Primary and Secondary Targeting of PPR-P Transcripts. (A) miRNA target prediction for randomly selected miRNA family members (one/family). Target predictions were done with 10 sets of either miRNAs or sequence-shuffled RNAs, and the mean (±sd) target score distribution was plotted. miRNA target hits for a validated gene family (blue) or a nonvalidated gene family (green) are grouped according to target score. miRNA families used for target prediction were miR156/157, miR158, miR159/319, miR160, miR161, miR162, miR163, miR164, miR166/165, miR167, miR168, miR169, miR171/170, miR172, miR173, miR390/391, miR393, miR394, miR395, miR396, miR397, miR398, miR399, miR400, miR402, miR403, miR408, miR447, miR773, miR775, miR824, miR827, miR842, miR844, miR856, miR857, and miR858. (B) Secondary siRNA target prediction for all antisense 21-nucleotide small RNAs arising from all clade PPR-P transcripts.
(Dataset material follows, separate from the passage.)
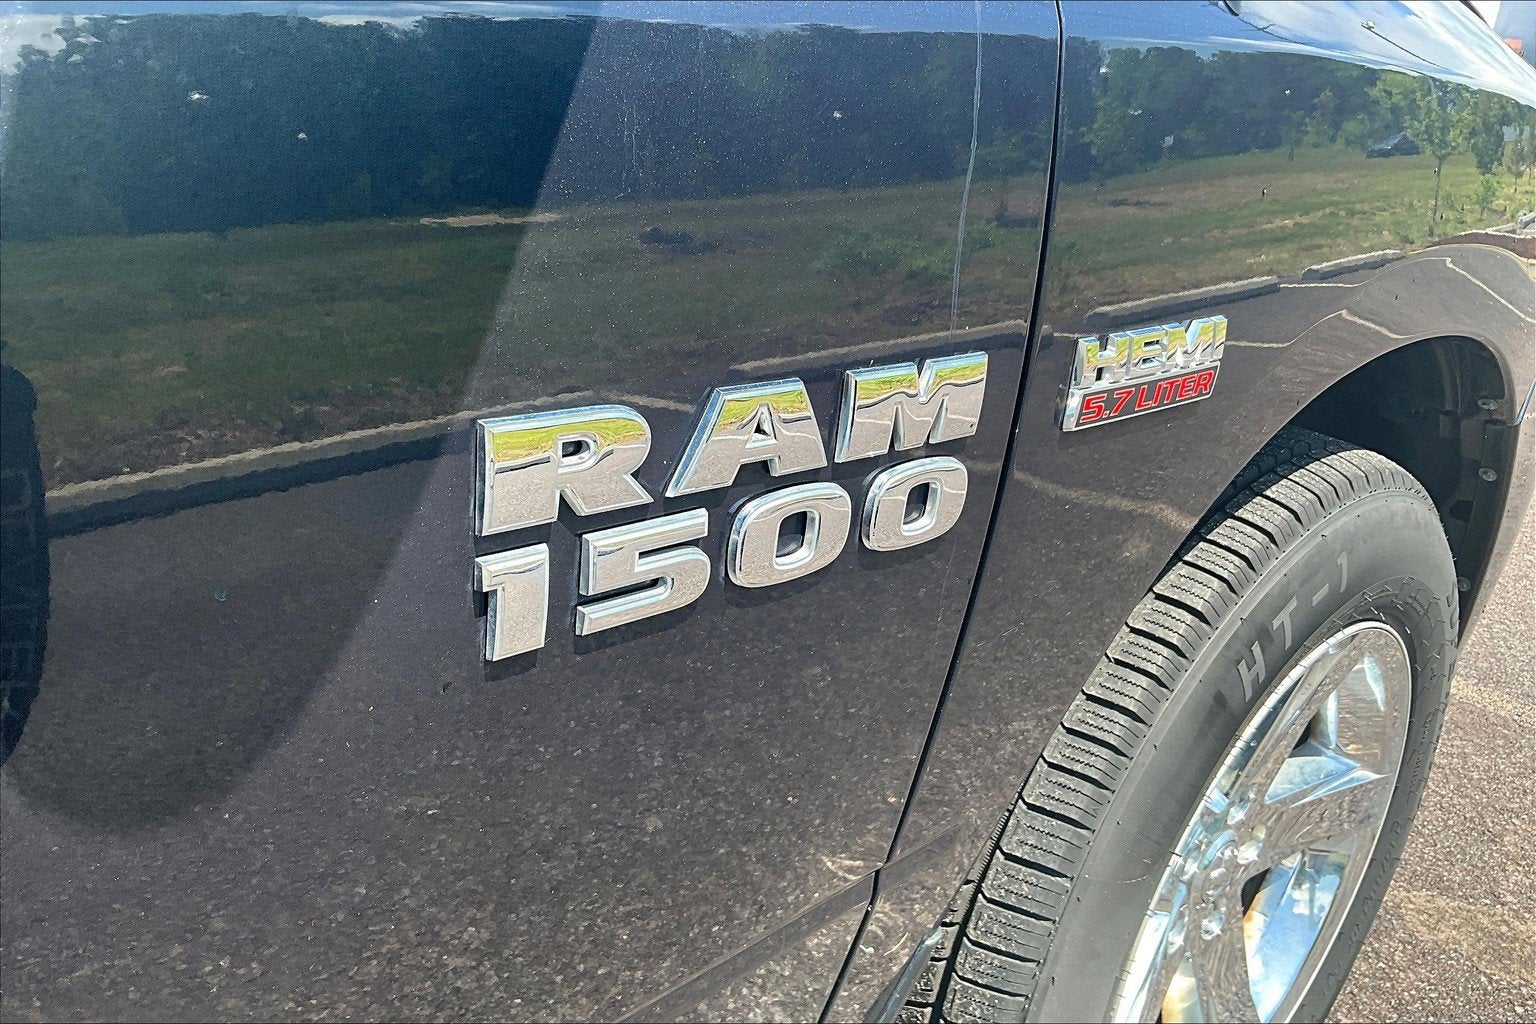 2015 RAM 1500 Express

Clade-derived siRNAs predicted to target the clade PPR-Ps (blue), nonclade PPRs (red), or non-PPRs (green) were plotted by target score. The total number of genes in each group is listed in parenthesis. (C) The percentage of clade PPR-P (blue), nonclade PPR (red), and non-PPR (green) genes that have transcripts targeted by clade-derived siRNAs. Target hits in (A) to (C) were grouped according to target score. (D) Repeat normalized abundance of small RNAs with identity to each PPR-P transcript. Dots indicate PPR-P transcripts with predicted target sites for miR161, miR400, TAS2 3′D6(−), or other tasiRNAs. Transcripts that are singly (blue) or multiply (red) targeted by one or more clade-derived siRNAs are color-coded within the phylogenetic tree. PPR amino acid sequences were aligned using ClustalW with the BLOSUM matrix series. A tree that only differed in the placement of PPR proteins outside of the clade was obtained using the GONNET matrix series (data not shown).